Systemic Reactions To Aeroallergen Subcutaneous Immunotherapy In A Pediatric Practice
Saturday, March 3, 2018
South Hall A2 (Convention Center)
Megan K. Ford, MD, Roslyn Whitley, MPH, Magee L. DeFelice, MD
RATIONALE: Aeroallergen subcutaneous immunotherapy (SCIT) is effective in allergic rhinoconjunctivitis and asthma treatment. SCIT systemic reactions (SRs) occur approximately 0.2% per injection. Patients with asthma are reported to have a higher SR rate, although most studies evaluated adult populations. The goal of this study is to identify factors that may increase the likelihood of SRs to SCIT in the pediatric population.

METHODS: A retrospective review of all patients on SCIT in a pediatric academic practice from September 1, 2014-July 31, 2017 was performed including demographics, allergic conditions, treatment regimen, and reaction history. Number of injections was collected through billing records.

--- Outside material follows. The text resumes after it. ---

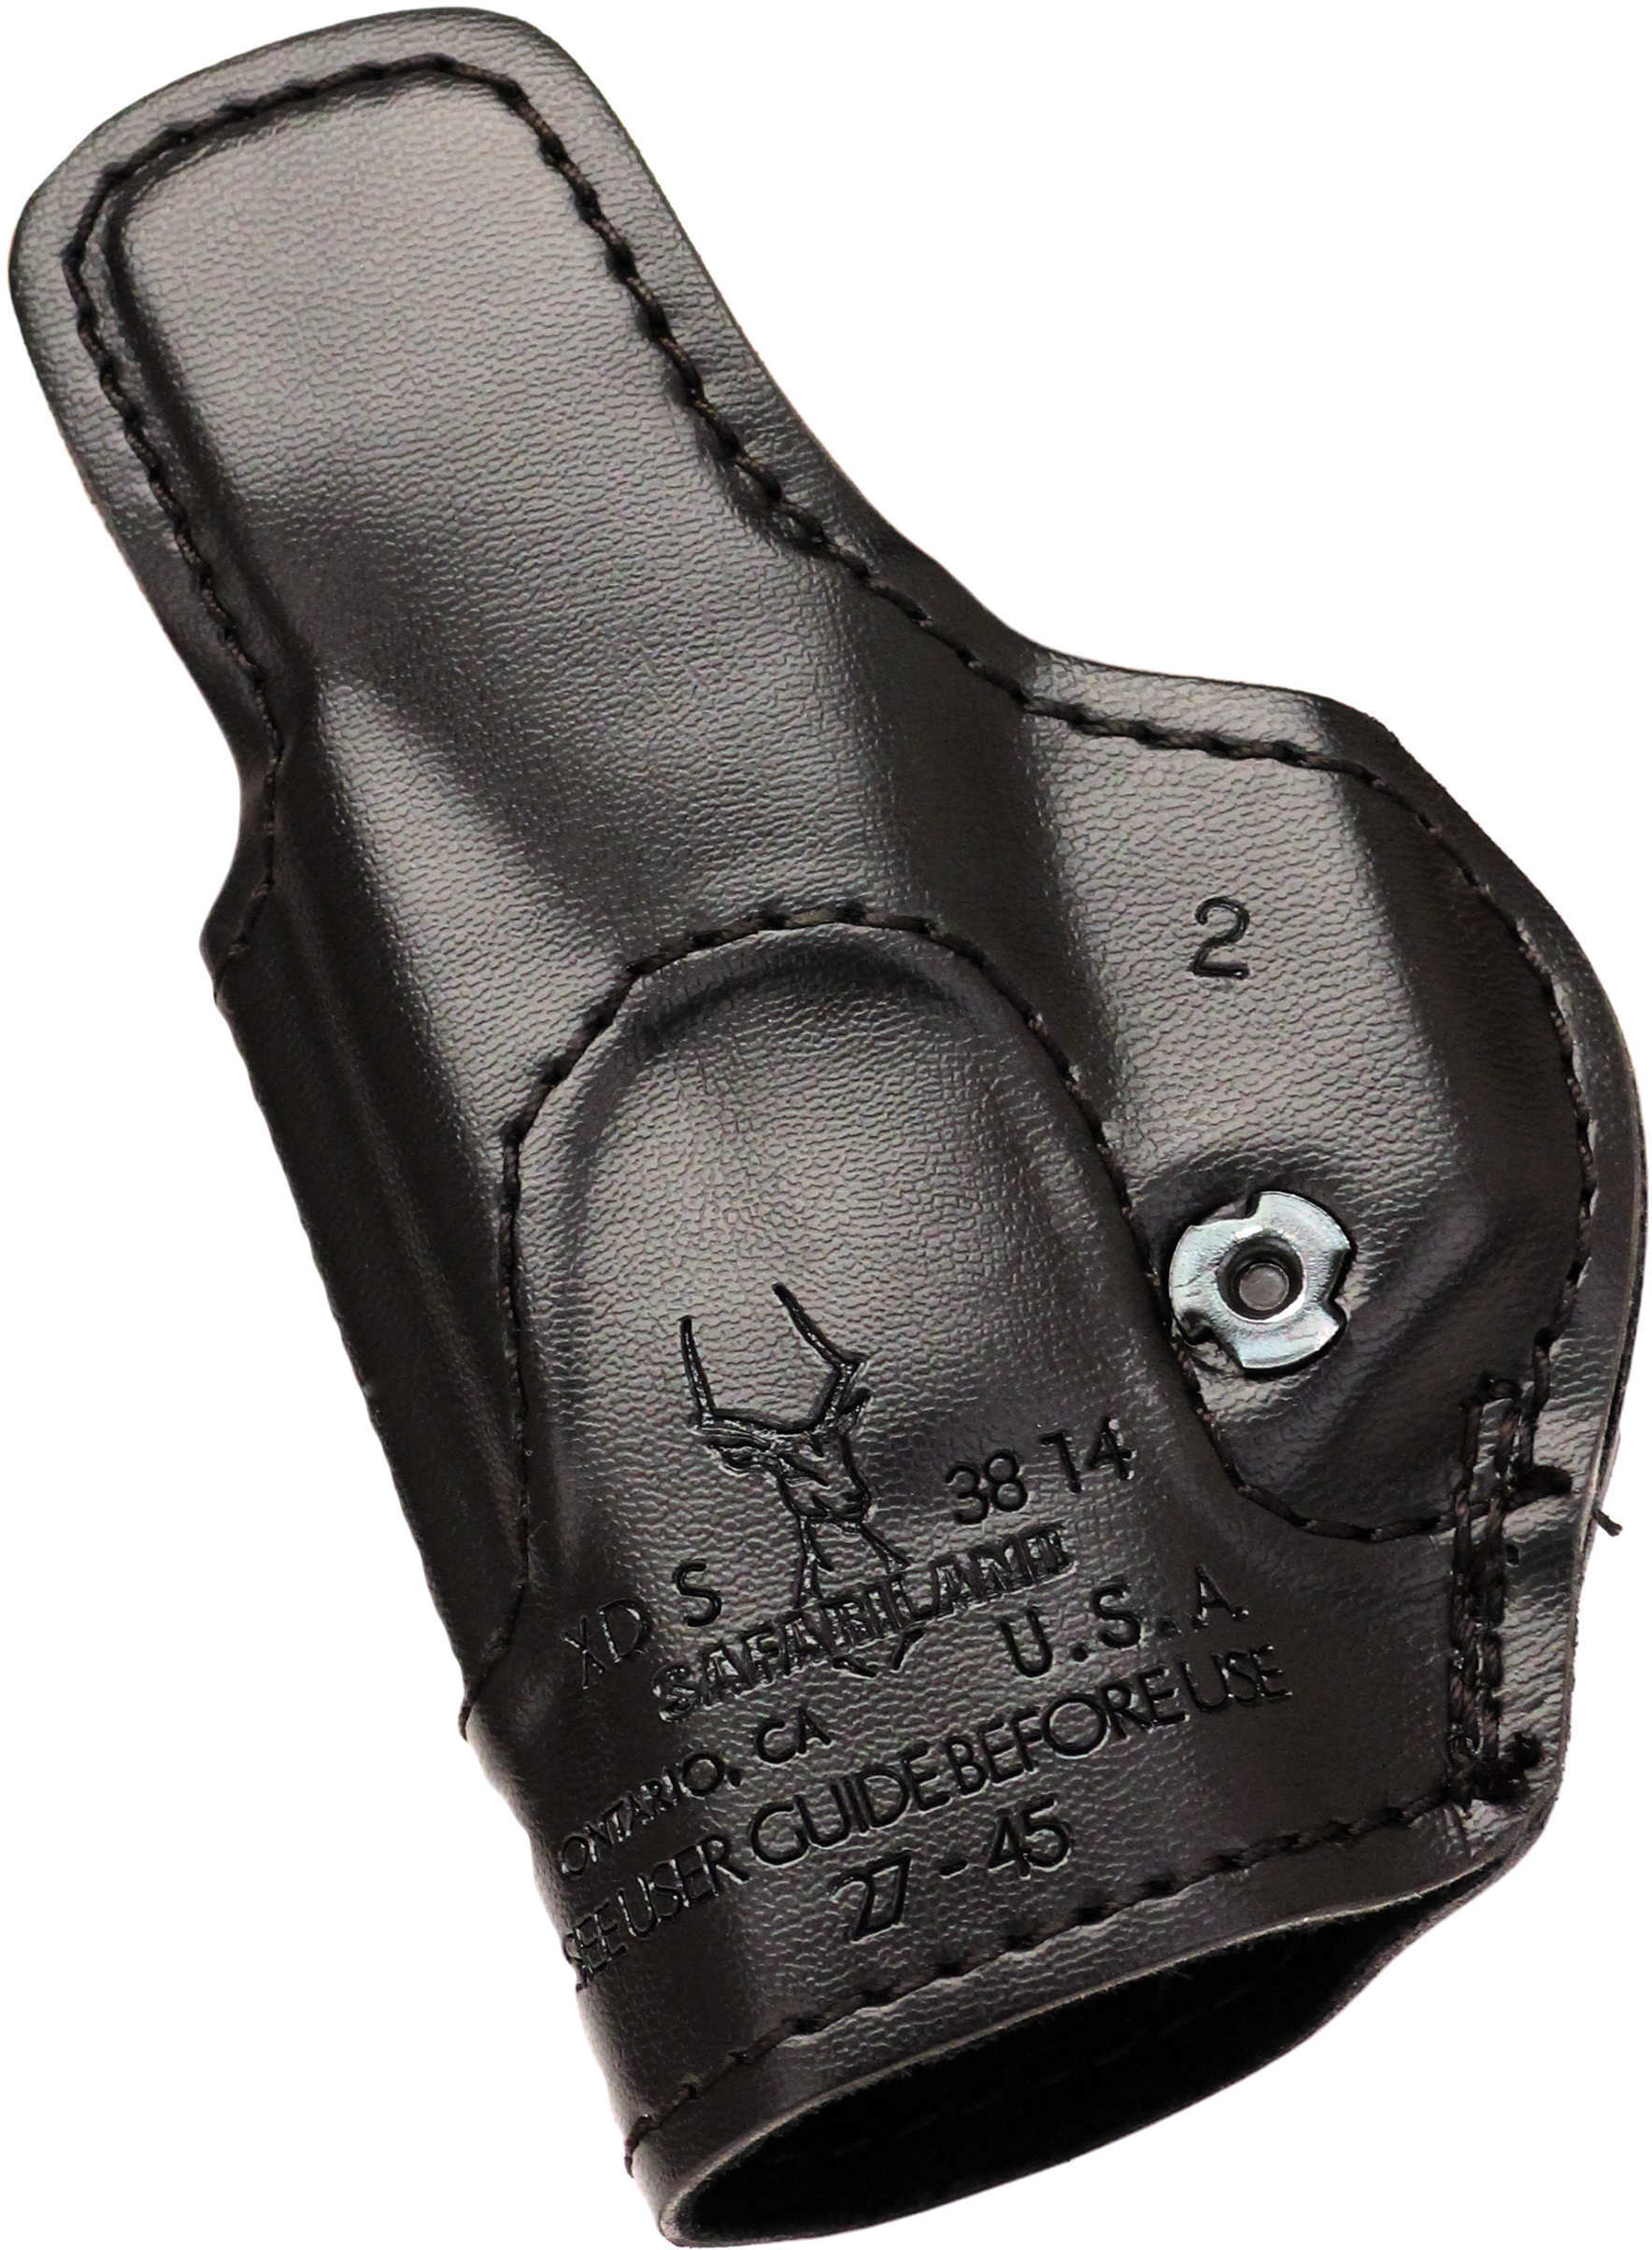 Safariland Inside the Pocket Holster XDS Compact STX, Plain Black Md: 27-45-61

RESULTS: 133 pediatric patients had a total of 4859 injection visits with 0.6% risk of SR per visit with 1-3 injections per visit. 15.8% of patients developed systemic reactions and 23.8% of those patients experienced repeat SRs. 80.95% of patients with SRs had asthma, compared to 72.37% without SRs (p=0.59). A higher rate of SRs was observed in patients being treated for mold (p=0.0031) and in patients with co-existing food allergy (p=0.0281). The majority of reactions were WAO grade 1 or 2, with no grade 4 or 5. More SRs occurred in spring than other seasons. All patients with SRs without asthma underwent an accelerated build-up schedule.

CONCLUSIONS: SCIT carries a low risk of SRs in children. Mold allergy treatment, co-existing food allergy, accelerated build-up schedules, and spring season may increase the likelihood of SRs. These findings warrant continued investigation of SRs in children to further characterize risk factors and develop SR prevention strategies.